Unfortunately, vouchers would also have the effect of turning each institution accepting them into a de facto arm of the federal government, with all that implies. You may rest assured that any private school receiving federal voucher cash will be compelled by law to have a staff and faculty that “looks like America” (i.e. one with the federally-mandated correct percentage of one-armed lesbian Native Americans of color) and a curriculum that educates students in the realities of oppression and exploitation inherent in the phallocratic, heteronormative system of white privilege in which we live. Caesar does not give his coin without requiring a pinch of incense to be burnt before his image.
Do you run a large school system? What makes you qualified to make a compensation estimate for educators?
A real nice capitalist argument would be your $300k salary is indexed directly proportional to the graduation rate.
Seems fair.
But maybe he makes the criteria for graduation that you attended at least one class, and know which end of a pencil to make your X with.
Wherever the student goes next–college, trade school, business, needs to provide some feedback into how qualified the graduates were.
How about this? A school district consists of one High School and the lower schools that feed it. That’s it. No more consolidated districts. Will it be inefficient? Dang skippy, and that’s a feature. Oh yeah, and term limits on unpaid school boards, spread the wealth.
Further, with limited exceptions such as custodial and food preparation staff, all full time employees teach for most of the day at least 2 hrs teach for every hour spent on non-teaching activities. If you need full time administrators then that district is too big and needs to be fragmented.

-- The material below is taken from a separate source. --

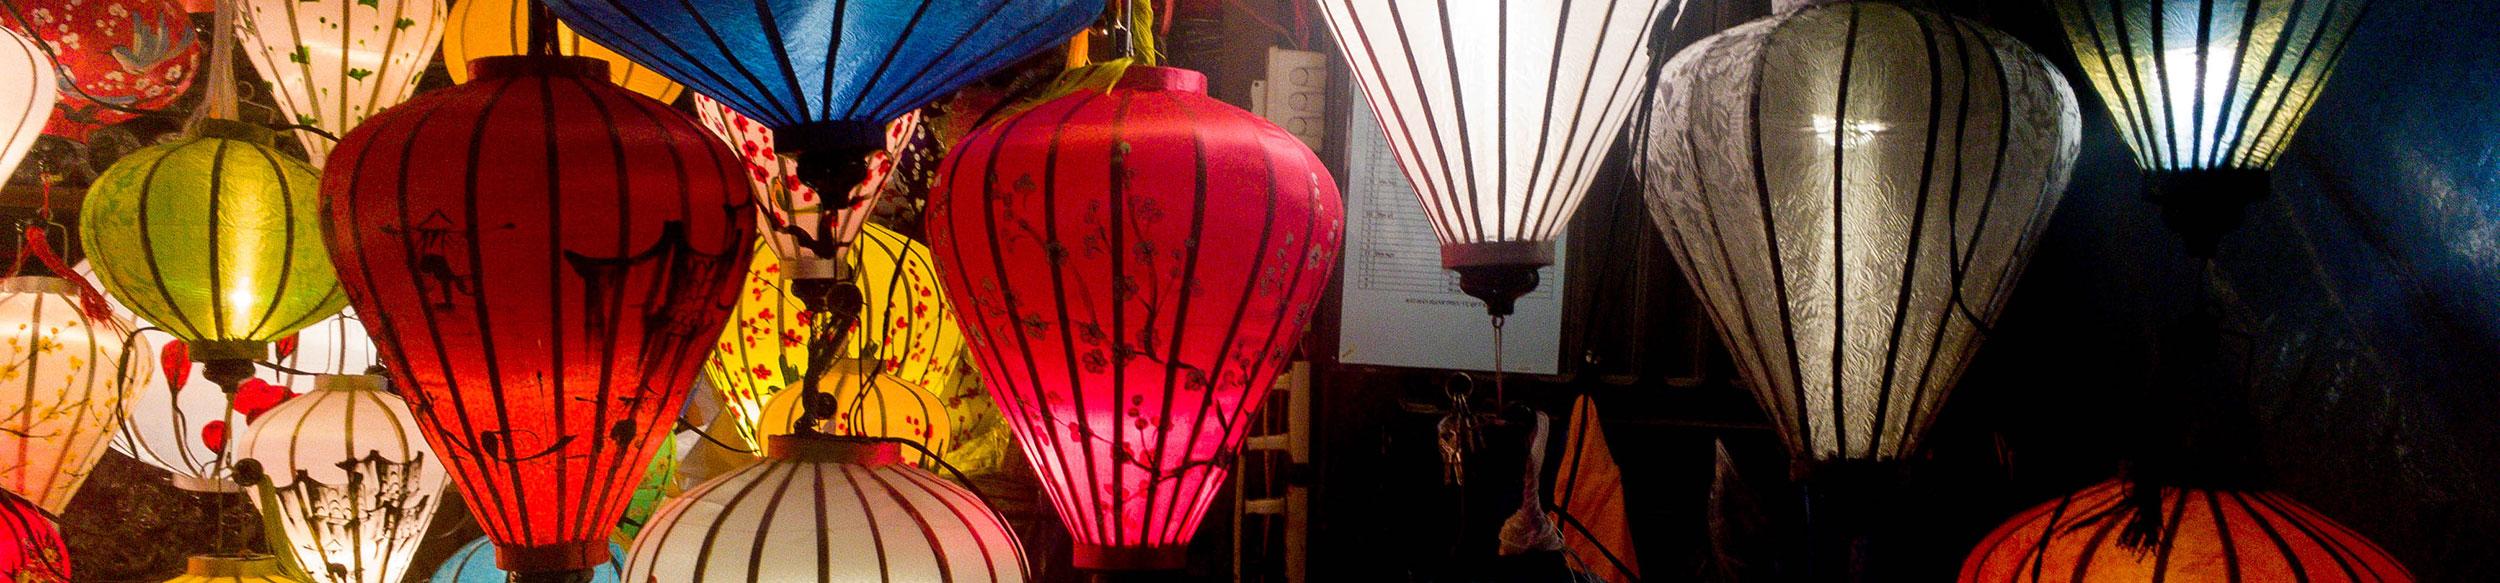 Lanterne de Hoi An

I’d also require teachers to have degrees in the subject matter that they’re teaching at the grade levels where teachers specialize. An Ed degree would not be qualifying on it’s own.
And I’d expect journeyman level teachers to be capable of developing their own course material. Death to the textbook cartels!
Level 1 US Cabinet officials make $196,700.
http://dcjobsource.com/presidentialsalaries.html
Several top NJ officials make the same salary – $141,000 – the SecEd probably makes the same, or thereabouts.
http://www.salaries.wa.gov/documents/ExecBranchandtheirSalariesbySalary.pdf
Lee Seitz shouldn’t be making 100K more than his boss.
Or 71K more, either. (Earlier percentage based on NRO article citing his total comp at 242K.)
http://www.nationalreview.com/corner/253174/my-new-favorite-christie-line-veronique-de-rugy
You may rest assured that any private school receiving federal voucher cash will be compelled by law…
They’re always mucking up things with improper and unneeded laws. What’s the solution? We need to start a subset of the TPs called Pissed Off Parents (P.O.P.) that reform education by getting rid of ALL administration except one principle per school and a secretary… make every dollar spent public and let teachers have more control over classes. If vouchers don’t work, let parents pay for each child directly.
I am sick and tired of hearing there are no solutions. Yes there are. They made a big deal out of a principle that fixed his school with a baseball bat. If that’s what it takes, then let’s play ball.
The school marm used to teach calculus and latin to a mixed K-12 group of kids. Now we can’t teach them to read with our ‘superior’ model?
Another peeve: that 30:1 student/teacher ratio gospel strikes me as featherbedding crapola.